WORK INSTRUCTION >> In the records below, find the line that contains "Baits, hooks, sinkers, ledcor" and the line that contains "Modello di replica"; write out exactly those two lines and everything between them, without the pictures.

SUPPLIED INFORMATION >>

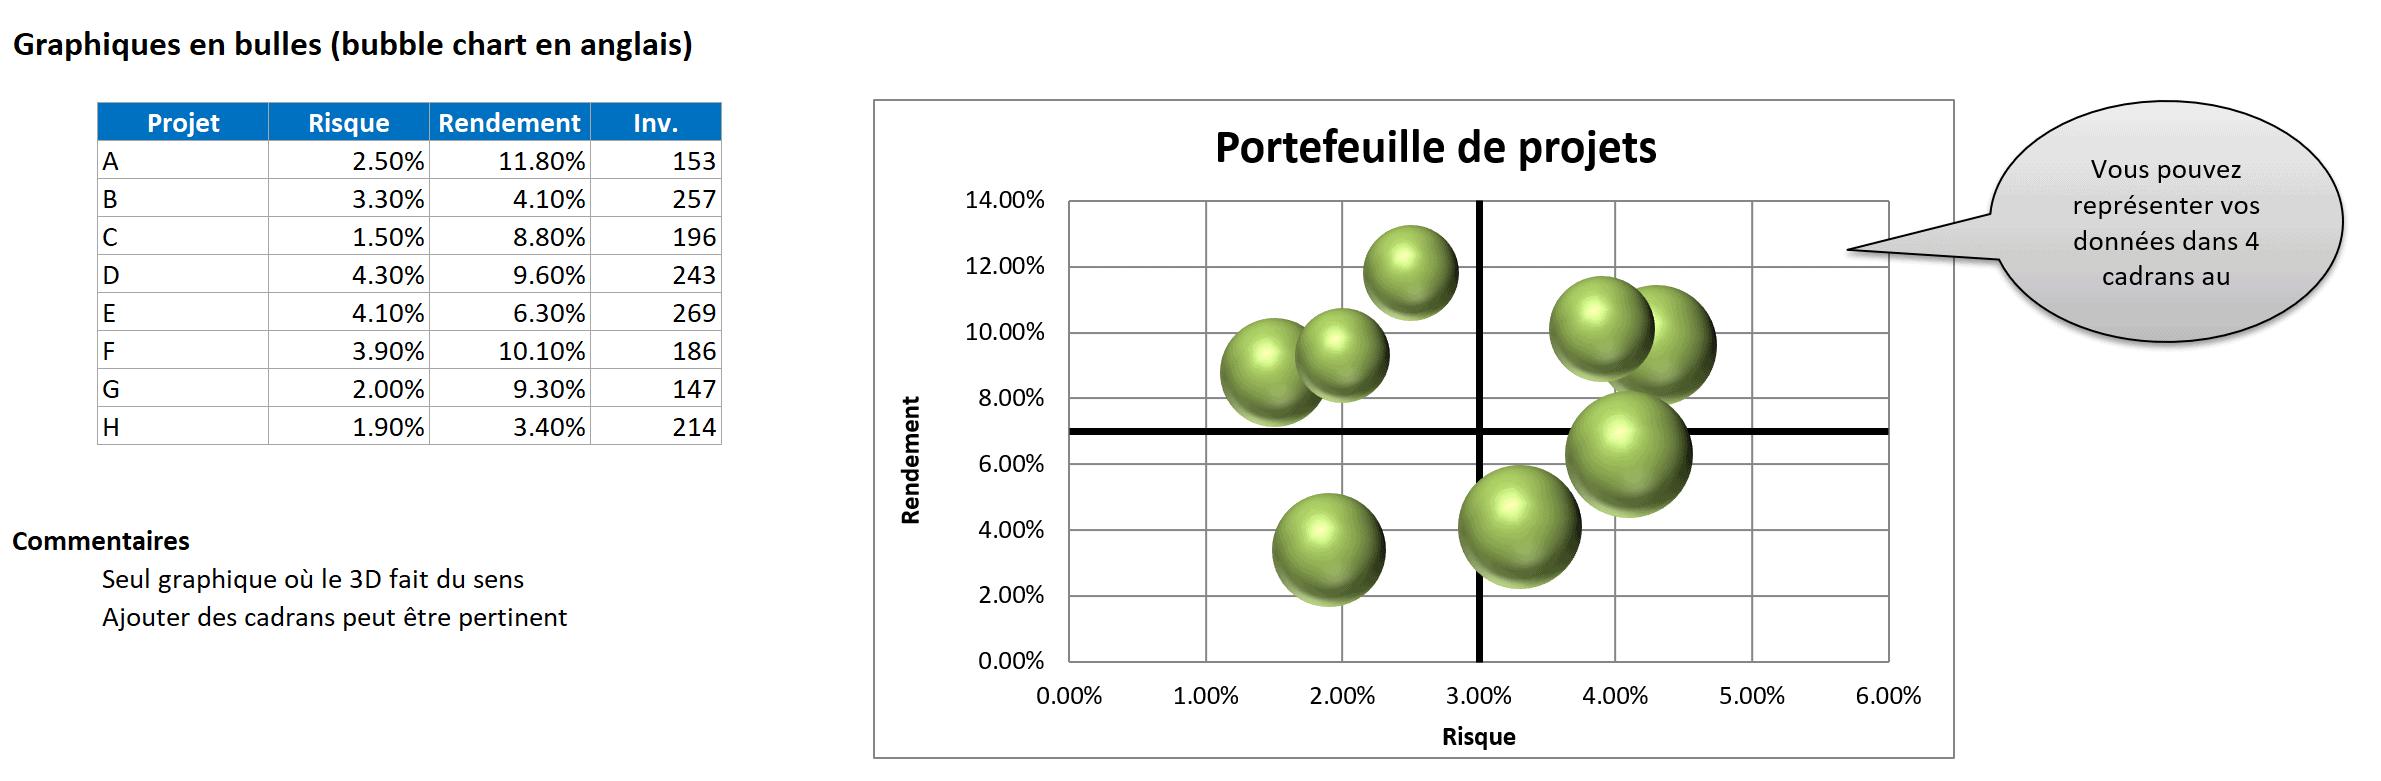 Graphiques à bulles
==
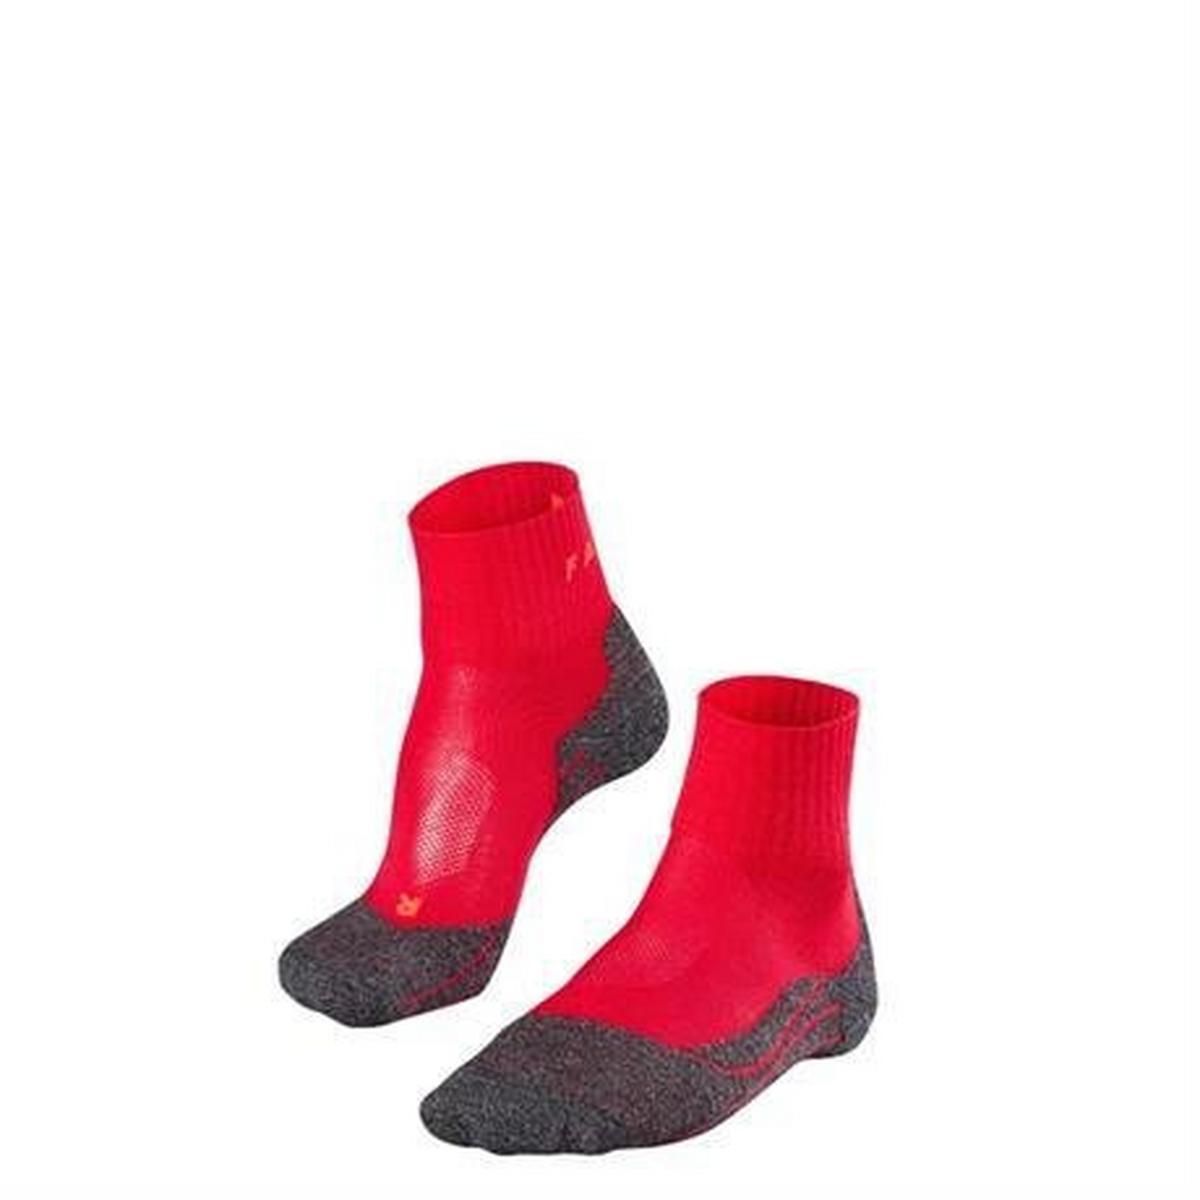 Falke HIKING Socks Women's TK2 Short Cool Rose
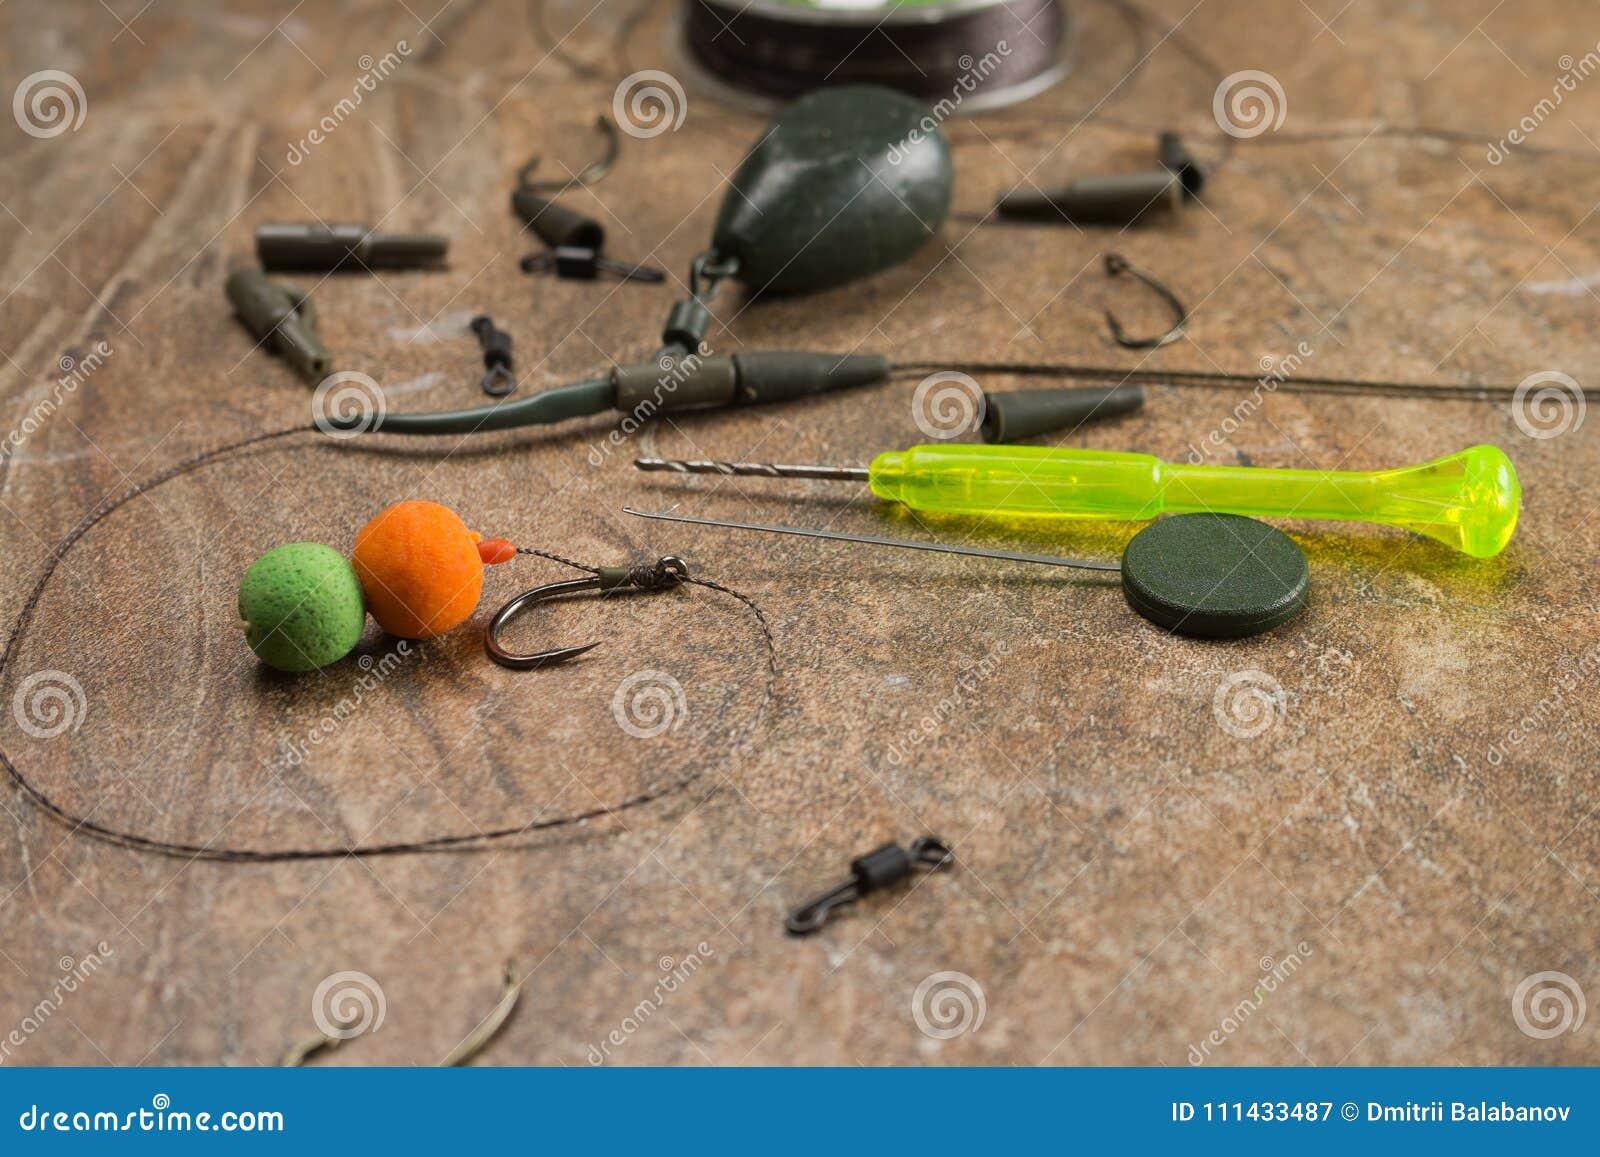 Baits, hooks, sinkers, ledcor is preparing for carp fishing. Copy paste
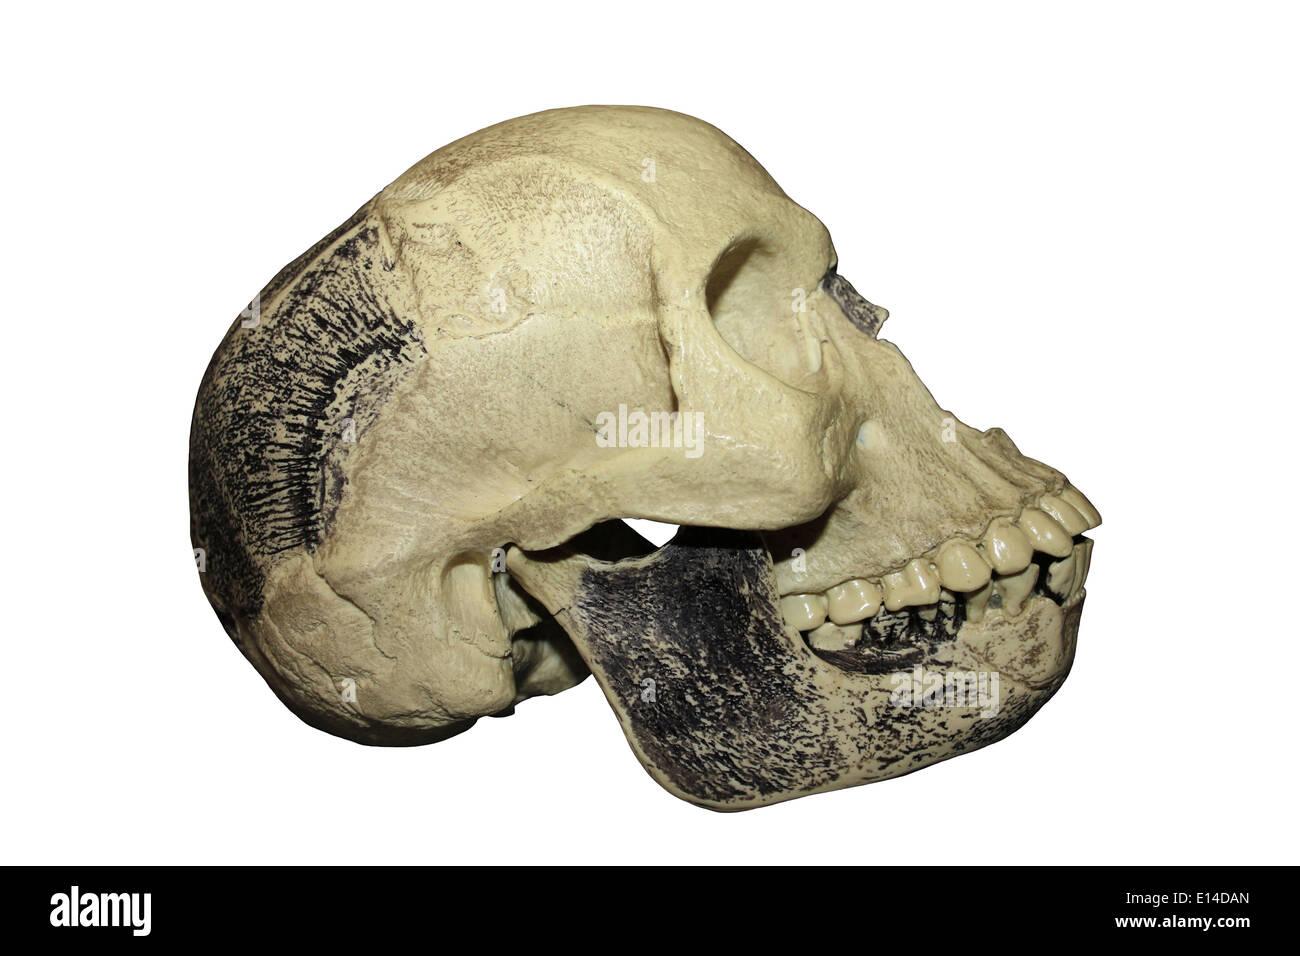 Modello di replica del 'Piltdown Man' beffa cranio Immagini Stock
--
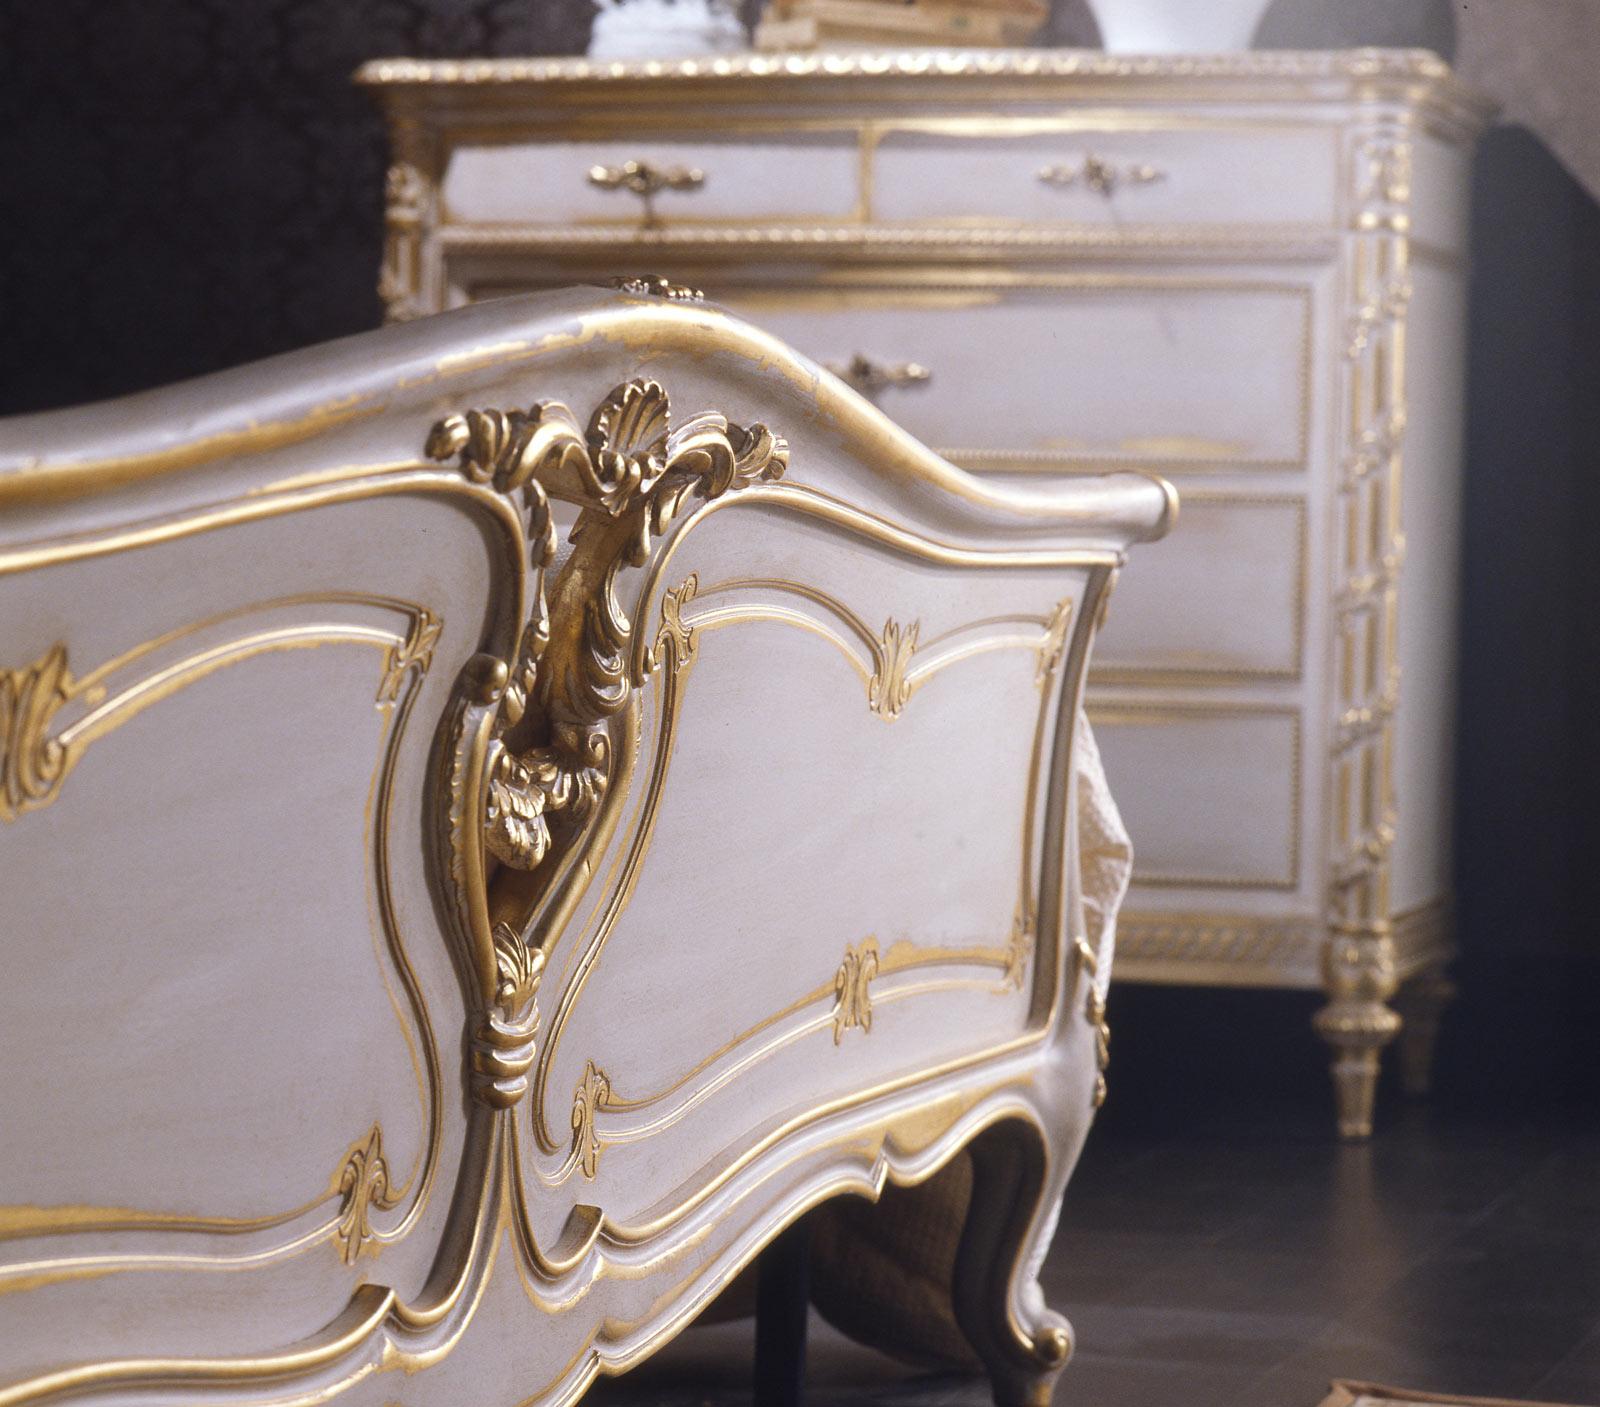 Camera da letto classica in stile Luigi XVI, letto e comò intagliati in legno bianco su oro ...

TASK OUTPUT >>
 Baits, hooks, sinkers, ledcor is preparing for carp fishing. Copy paste
 Modello di replica del 'Piltdown Man' beffa cranio Immagini Stock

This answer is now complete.